Visita de Mourão à UFSM divide opiniões

Entidades dos segmentos criticam governo que ataca a educação


Convite da reitoria também foi estendido a Bolsonaro e ao ministro Abraham Weintraub

No próximo dia 15, o vice-presidente Hamilton Mourão deve visitar a UFSM, participando de atos de inauguração de algumas obras no campus sede, em Camobi. A Assessoria de Imprensa da Sedufsm ouviu representações das entidades sindicais e estudantis da instituição a respeito da visita, que foi um convite da Administração Central não apenas ao vice, mas ao próprio presidente Jair Bolsonaro e ao ministro da Educação, Abraham Weintraub.

Para o presidente da Sedufsm, Júlio Quevedo, é importante que a reitoria aproveite a presença do vice para cobrar do governo posições favoráveis à universidade. “Que a reitoria tenha a coragem de dizer para eles que se a universidade continuar do jeito que está, vai acabar fechando, e eles serão responsáveis por esse fechamento”, analisa.

Opinião semelhante tem o presidente da Atens, Clóvis Senger, para quem a presença de Mourão, por ser representante do governo, pode ser interessante para a universidade mostrar a ele os projetos desenvolvidos, bem como sua centralidade para a prestação de serviços à população.  

“Como representante é importante que venha, mas isso não impede que a gente se contraponha firmemente em relação à política desenvolvida pelo atual governo, que desde a sua posse tem tratado a educação e a saúde pública com certo desprezo, retirando investimentos e recursos desses setores que a gente considera extremamente importantes para o desenvolvimento do país. Temos de mostrar que a universidade faz muito mais do que aquilo que é colocado na mídia”, diz Senger. 

Contradição

É contraditório um governo que vem impondo uma série de cortes às universidades querer visitá-las. A opinião é de Kauã Wioppiold, membro do DCE-UFSM.

“O convite formal realizado pela UFSM demonstra uma postura da instituição em tentar dialogar sobre o quanto a UFSM está sendo afetada com os cortes da educação e, consequentemente, tentar reverter a situação. O DCE tem a convicção de que o atual governo não irá mudar de posição em relação aos cortes, pois eles fazem parte do projeto que elegeu Bolsonaro e Mourão. Portanto, sabemos que o diálogo não irá ter nenhum resultado.  Em razão deste cenário, é importante a mobilização da categoria estudantil e de todas as outras categorias, para estarem nas ruas lutando pela educação pública do nosso país, porque somente assim derrotaremos este projeto. Dia 14 de junho será um dia importante, a população demonstrará, um dia antes da vinda de Bolsonaro e Mourão, que está insatisfeita com as políticas adotadas pelo atual governo, como a reforma da previdência e os cortes na educação”, diz o estudante.

Inimigos da educação

Wioppoild ainda destaca que que “o atual governo, na figura de Mourão, representa os inimigos da educação pública, que estão sucateando as nossas universidades e dificultando a permanência da maioria dos estudantes. Por isso, é uma falta de coerência Mourão querer visitar a universidade, após uma série de atos, que com protagonismo de estudantes e milhares de pessoas, lotaram as ruas de Santa Maria, contra os cortes da educação.

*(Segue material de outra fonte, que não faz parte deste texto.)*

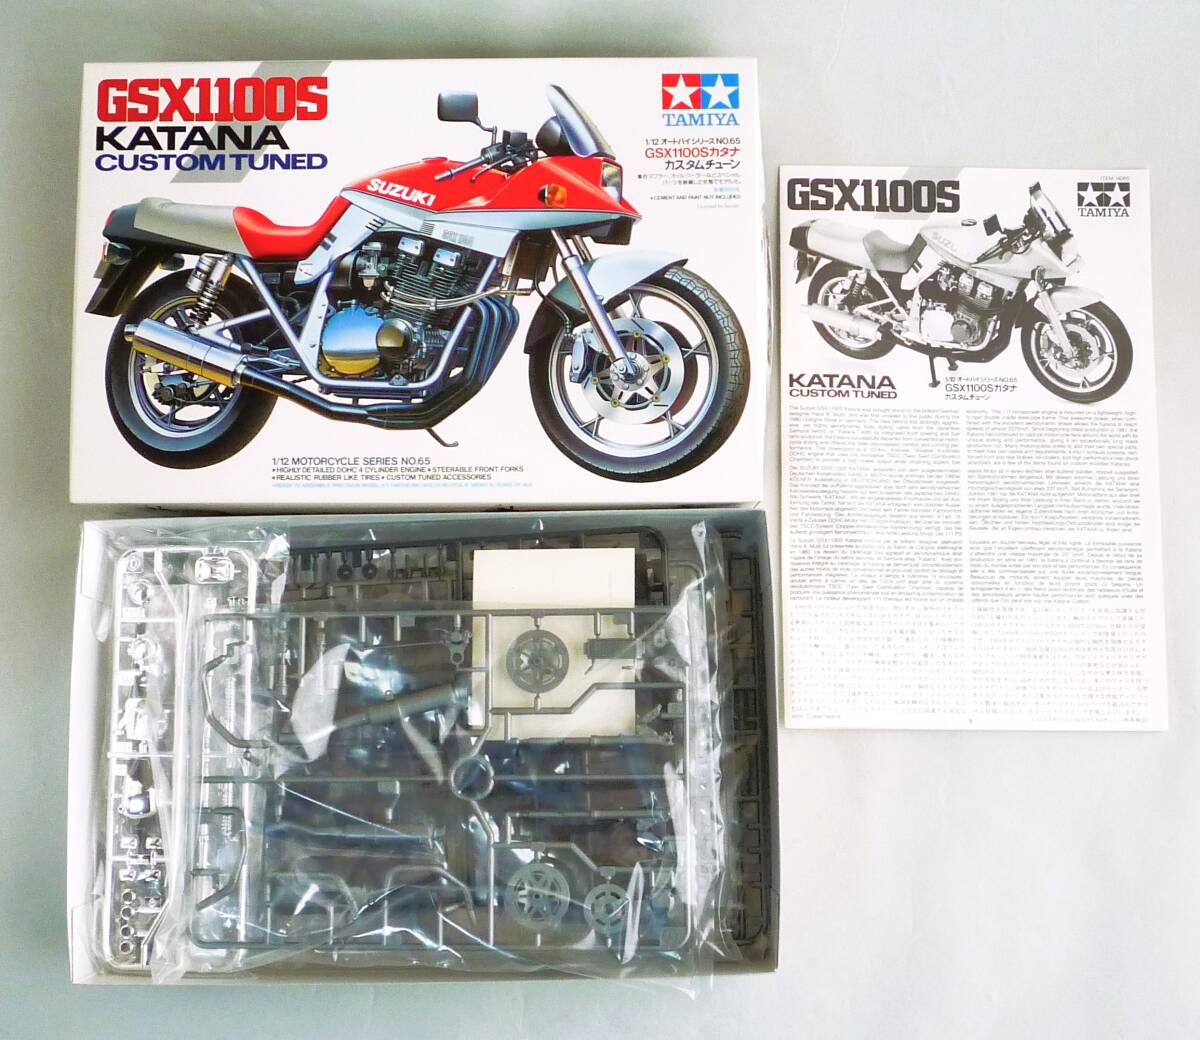 **[ нестандартный OK] не собран! Tamiya 1/12 мотоцикл серии No.65 Suzuki GSX1100S Katana custom Tune внутри пакет нераспечатанный товар [ включение в покупку возможно ][GE08A20]*

Régis Piovesan, da Associação de Pós-Graduandos da UFSM (APG), avalia que o governo federal vem se distanciando das universidades federais ao cortar investimentos e não propor nada significativo para essas instituições.

Parece ser proposital fazer com que as IFE's tenham sua manutenção ameaçada, forçando-as a aderirem a iniciativas de privatização da educação no país, como é o caso da cobrança de mensalidades em cursos de pós-graduação e graduação. Portanto, não há nenhum motivo até o momento que justifique uma visita dos representantes do governo a nossa UFSM. Sem projeto que seja interessante a população, não há motivo para visitar”, critica Piovesan.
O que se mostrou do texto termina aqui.